◆ Data excerpt:
=== Section Start ===
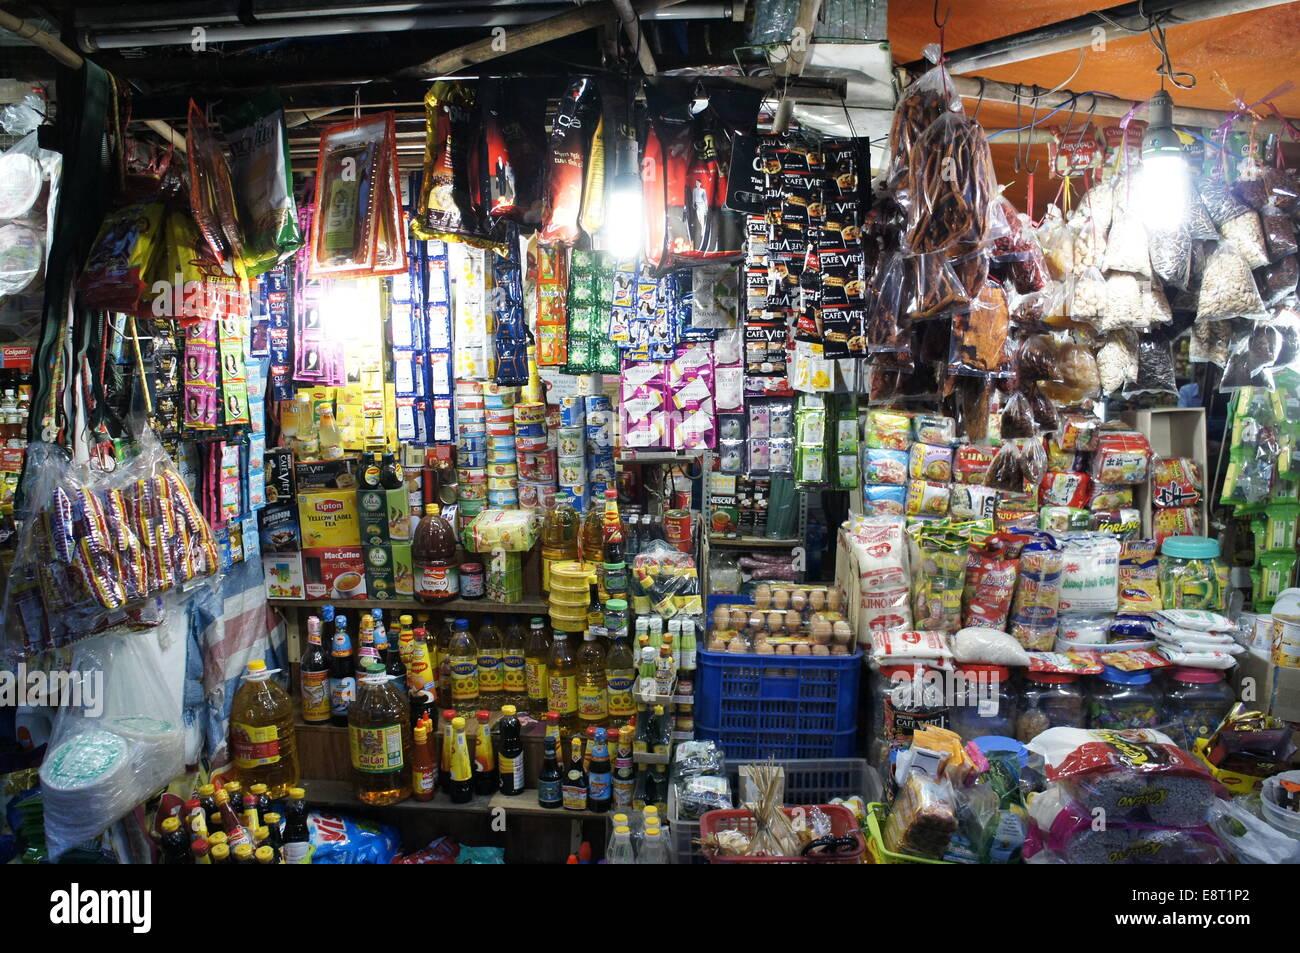 Street market stall vente de produits d'épicerie et des articles divers à Ho Chi Minh city Photo Stock
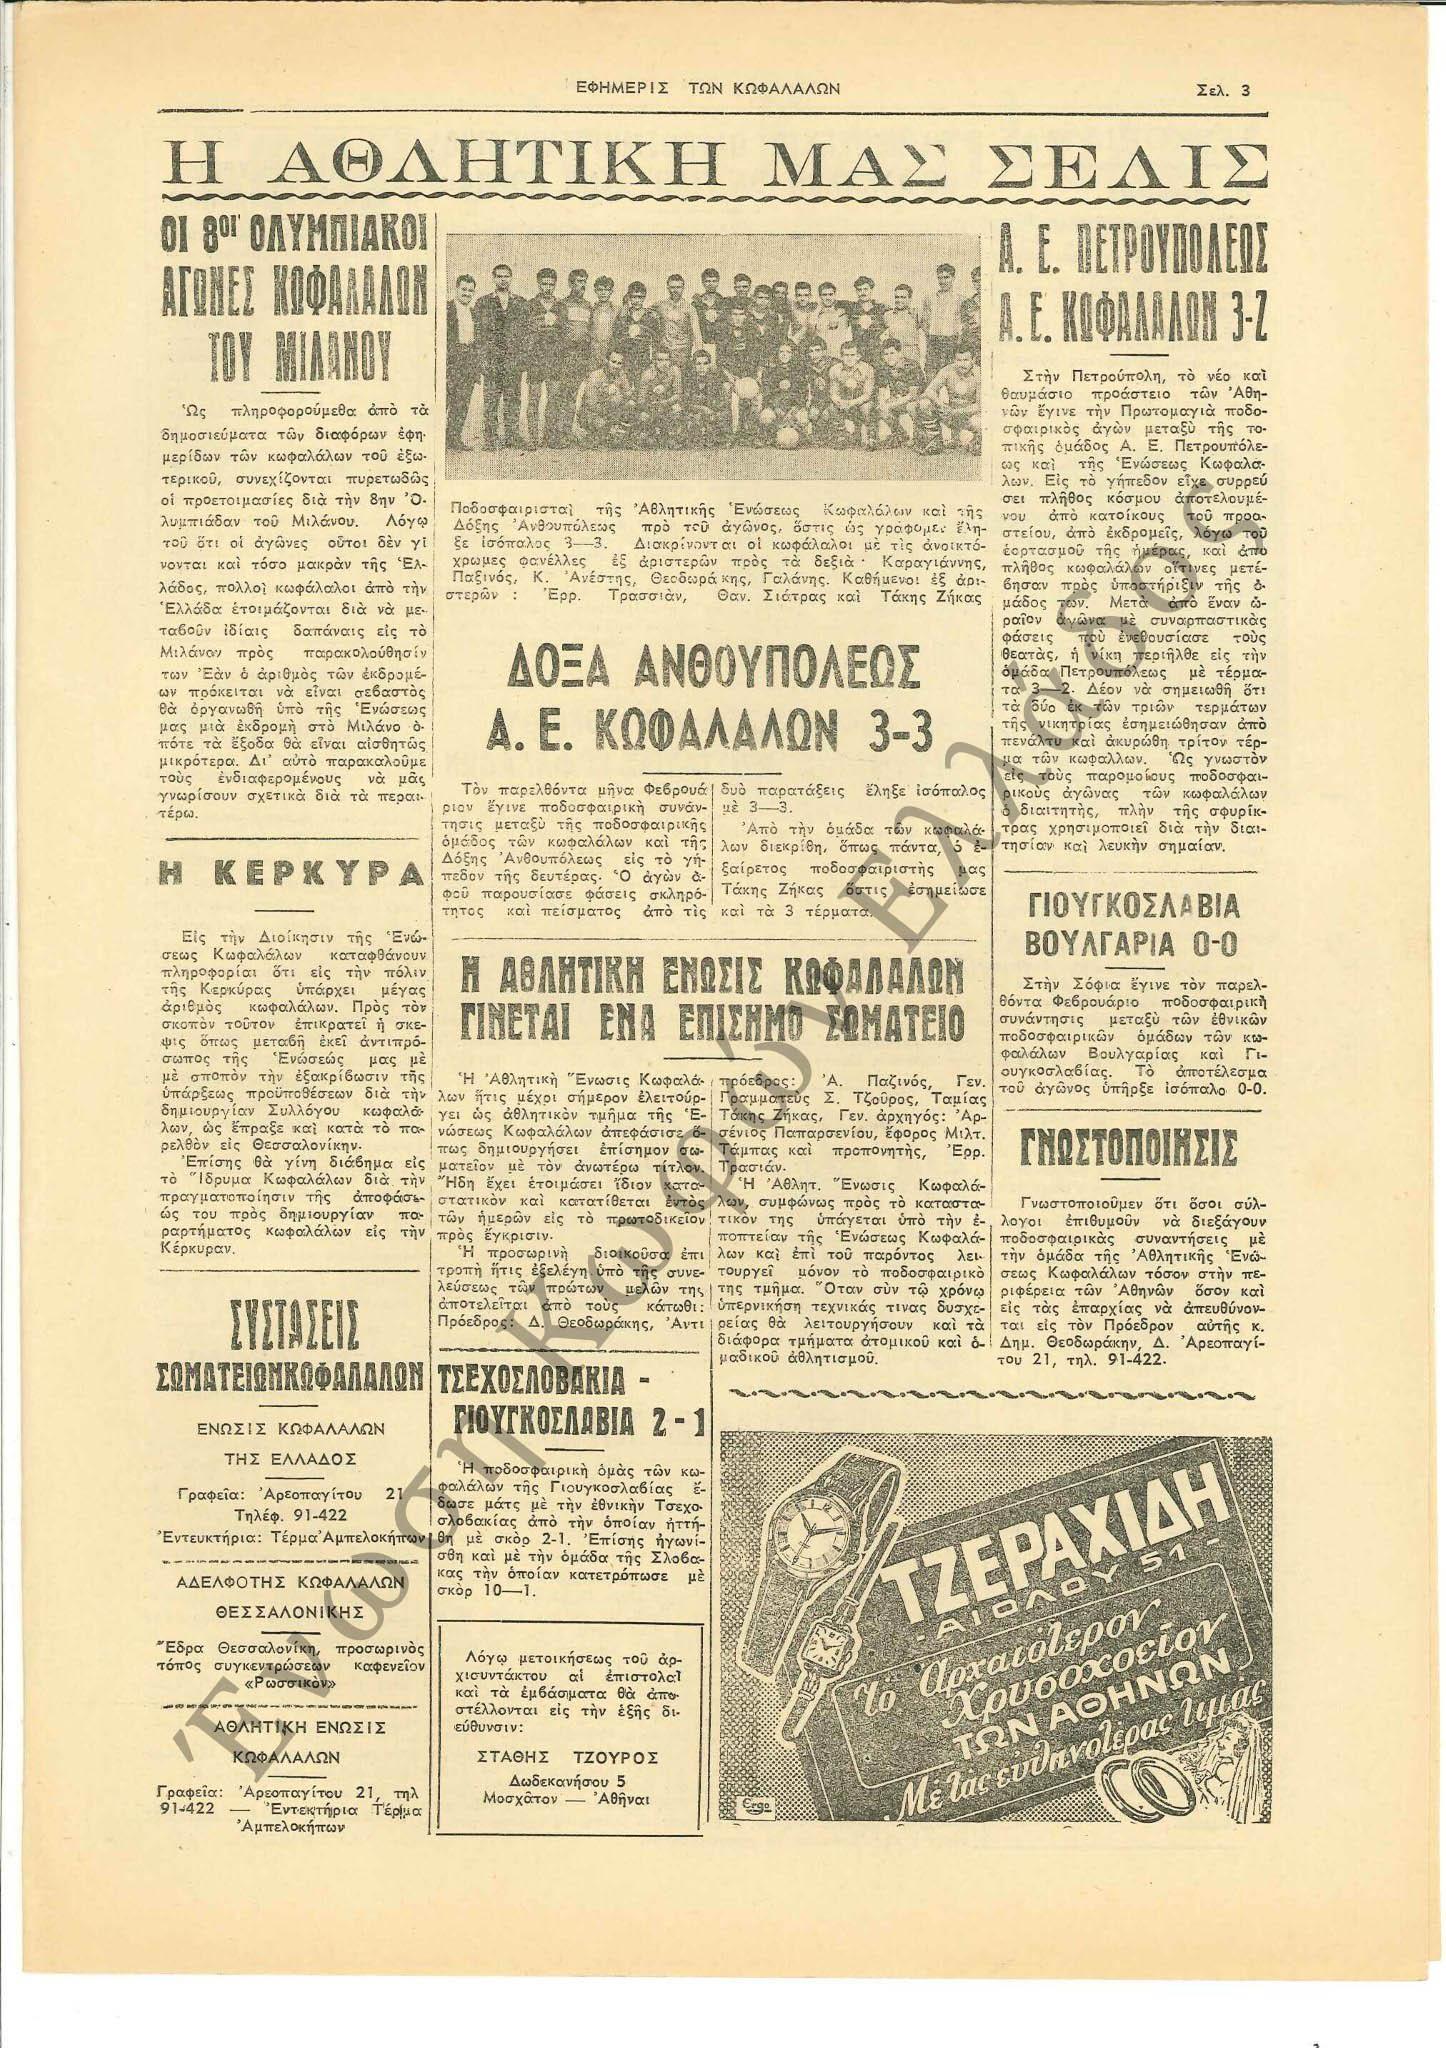 Εφημερίς των Κωφαλάλων 1957-Ιούνιος 3
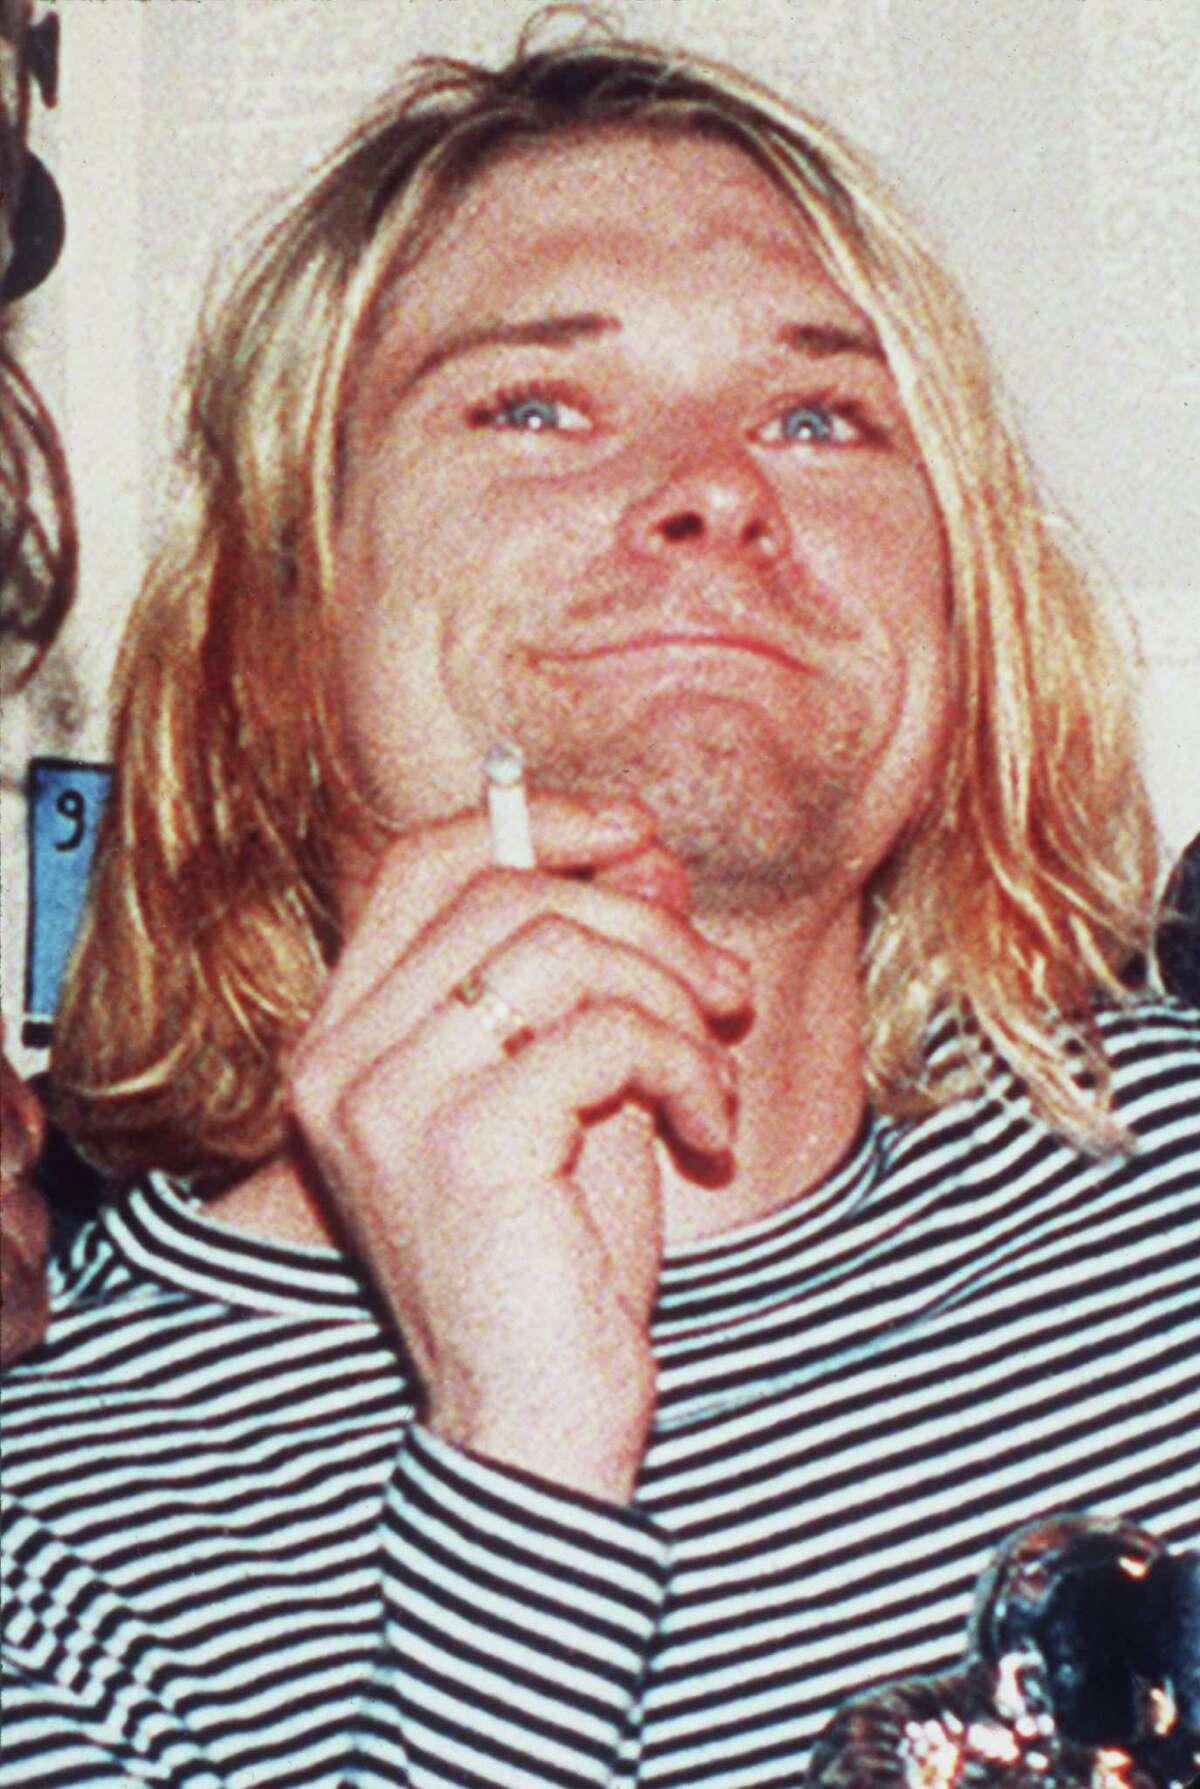 Kurt Cobain, pictrued in 1993.
=== Section End ===
◆ What you need to do:
In full and without changes, repeat the listing above, but not its pictures.

◆ Task response:
 Street market stall vente de produits d'épicerie et des articles divers à Ho Chi Minh city Photo Stock
 Εφημερίς των Κωφαλάλων 1957-Ιούνιος 3
 Kurt Cobain, pictrued in 1993.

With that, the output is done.